Improved Persistence to Medication, Decreased Cardiovascular Events and Reduced All-Cause Mortality in Hypertensive Patients with Use of Single-Pill Combinations: Results from the START-Study

Schmieder R, Wassmann S, Predel HG, Weisser B, Blettenberg J, Gillessen A, Randerath O, Mevius A, Wilke T, Böhm M (2023)

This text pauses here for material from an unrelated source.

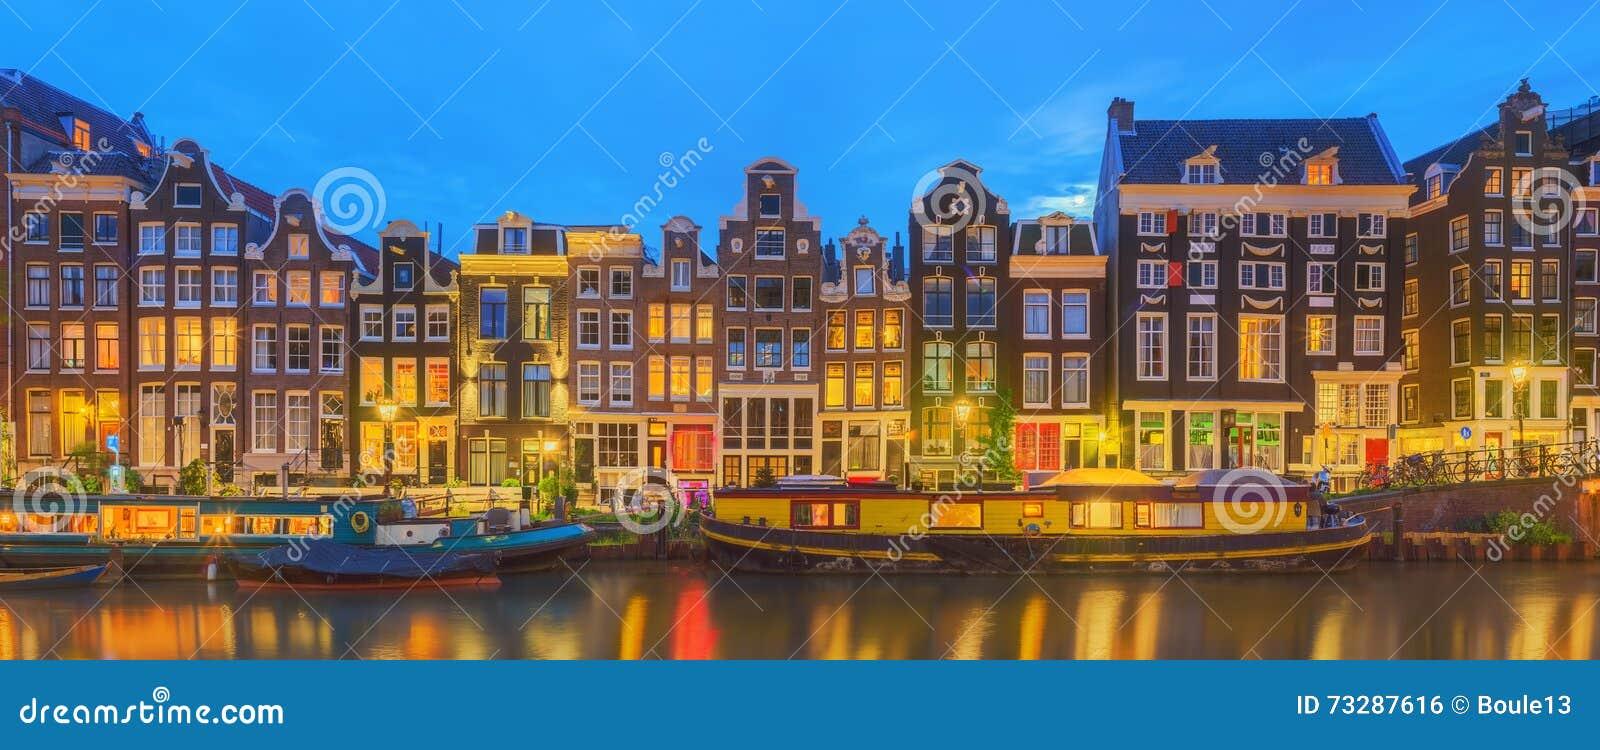 Fiume di Amstel, canali e vista di notte di bella città di Amsterdam netherlands

Publication Type: Journal article

Publication year: 2023

Journal

Book Volume: 80

Pages Range: 1127-1135

Journal Issue: 5

DOI: 10.1161/HYPERTENSIONAHA.122.20810

Abstract

Background: Single-pill combination improves adherence and persistence to medication in hypertension. It remains unclear whether this also reduces cardiovascular outcomes and all-cause mortality. We analyzed whether single-pill combinations are superior to identical multiple pills on persistence to medication, cardiovascular outcomes, and all-cause mortality. Methods: This was a retrospective claims data (German AOK PLUS) analysis. Data from hypertensive patients ≥18 years treated with renin-angiotensin system combinations given as single pill or identical multipills covering the years 2012 to 2018 were analyzed and followed up to at least 1 year. After 1:1 propensity score matching, persistence to medication, cardiovascular events, and all-cause mortality were compared using non-parametric tests. Results were reported as incidence rate ratios and hazard ratios. Results: After propensity score matching data from 57 998 patients were analyzed: 10 801 patients received valsartan/amlodipine, 1026 candesartan/amlodipine, 15 349 ramipril/amlodipine, and 1823 amlodipine/valsartan/hydrochlorothiazide as single pill or identical multipill. No relevant differences in patient characteristics were observed within the 4 groups. In all groups, a significant lower all-cause mortality, a significant a higher persistence to medication, a significant lower event rate in 15 out of 20 comparisons, and a tendency in the remaining 5 comparisons was observed under single pills compared with multipill combinations. Conclusions: Antihypertensive combination therapy reduces all-cause mortality and cardiovascular when provided as single pill compared to identical drugs as multipills. This strongly supports the European Society of Cardiology/European Society of Hypertension and International Society of Hypertension guidelines recommending the use of a single-pill combination and thus should be more rigorously implemented into daily clinical practice.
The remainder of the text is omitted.